5. Grand Canyon National Park. No national park trek is complete without being mired in a South Rim traffic jam at the Grand Canyon in July when the sun is pounding down on the roof of your rig. Memo to Dirk and Mary: Bring some congressional-folk and see if you can't persuade them to fund a public transportation system system for this side of the canyon.
6. Gateway National Recreation Area. Agenda: Meet with the Save Sandy Hook friends group to discuss ways to avoid turning over part of Fort Hancock to a developer. Oh, wait, Mary should know all about this, since she's been the Northeast regional director and as such should have been privy to this deal.
7. Organ Pipe Cactus National Monument. Nice unit, nasty criminal side. Note to Dirk and Mary: Pack your bullet-proof vests for this stop.
8. Valley Forge National Historical Park. A relatively short ride from Washington, you even can start your tour on your cell phone long before you arrive by calling into a taped audio tour of the park brought to you by Lipton Tea! Crass commercialism, perhaps, but since the park obviously is struggling to afford interpretive rangers at least you'll get some insights into this Revolutionary War battlefield.

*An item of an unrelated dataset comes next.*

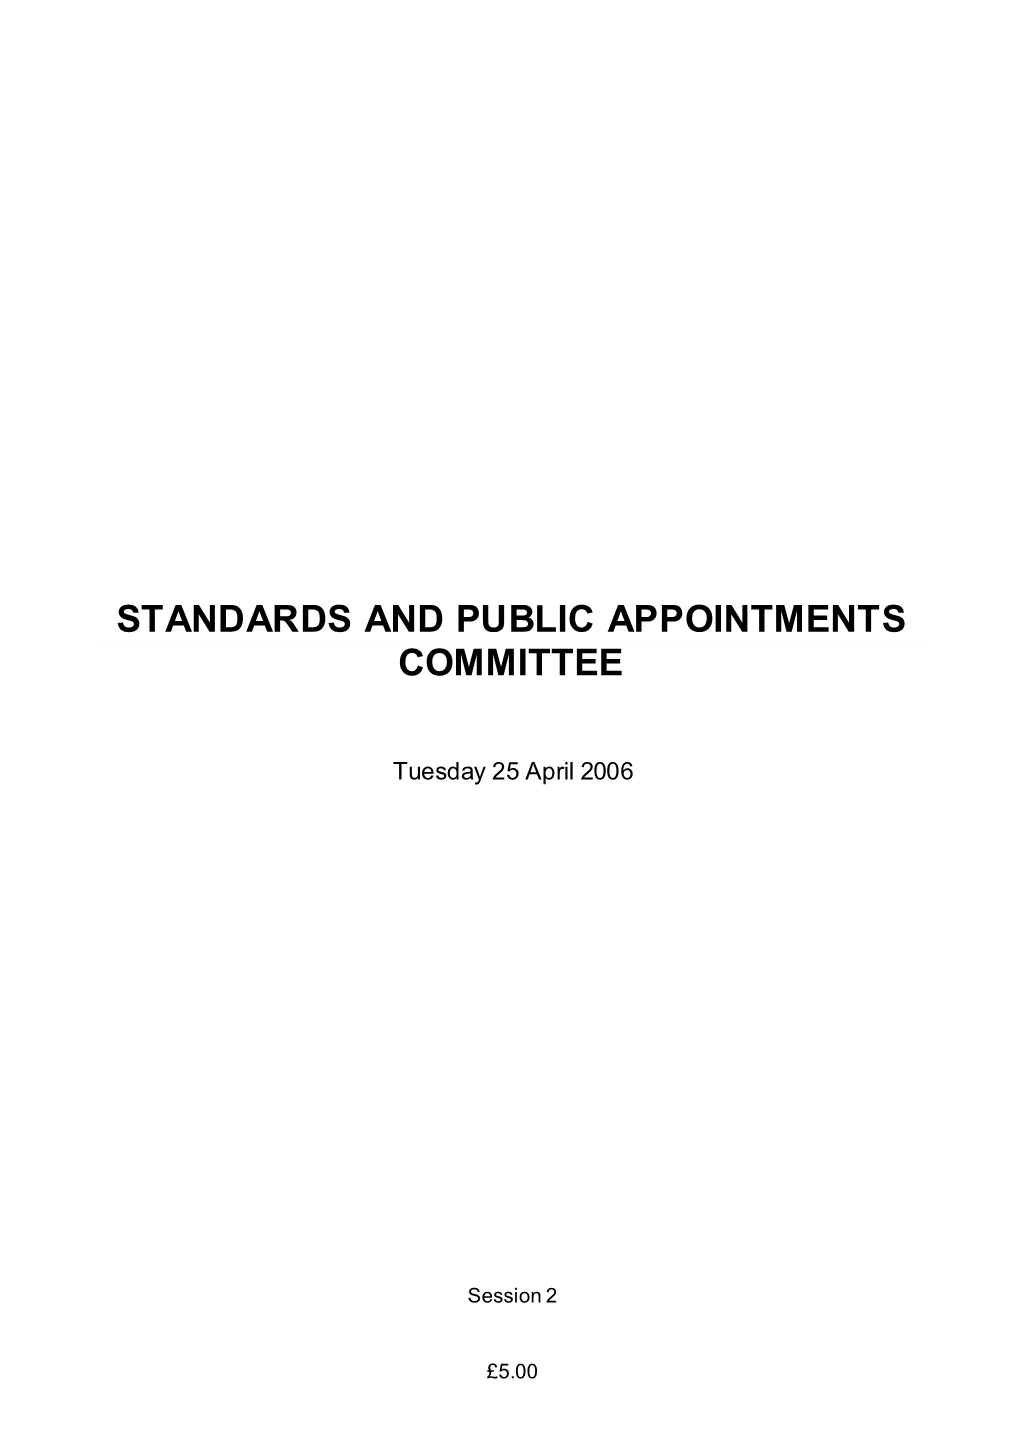 Standards and Public Appointments Committee

9. Acadia National Park. Now, I have to admit that this gem of the Atlantic is not as financially pinched or rundown as a lot of other parks. But if you visit during the winter months, you'll understand the funding woes when you try to use one of the restrooms...and discover it's locked until spring.
10. Gettysburg National Military Park. Boy, quite a few things to take into consideration here. You can either look at the trees or peek into the maintenance backlog that has precluded the painting of historic structures and upkeep of cannon carriages.
There you have it, folks. Not a bad start, but I'm sure there are other examples out there. Maybe selling entrance passes at the West Yellowstone Entrance of Yellowstone at the height of the snowmobile season?
Anyway, if there are other nominations for parks Dirk and Mary should see, don't be ashamed to share them!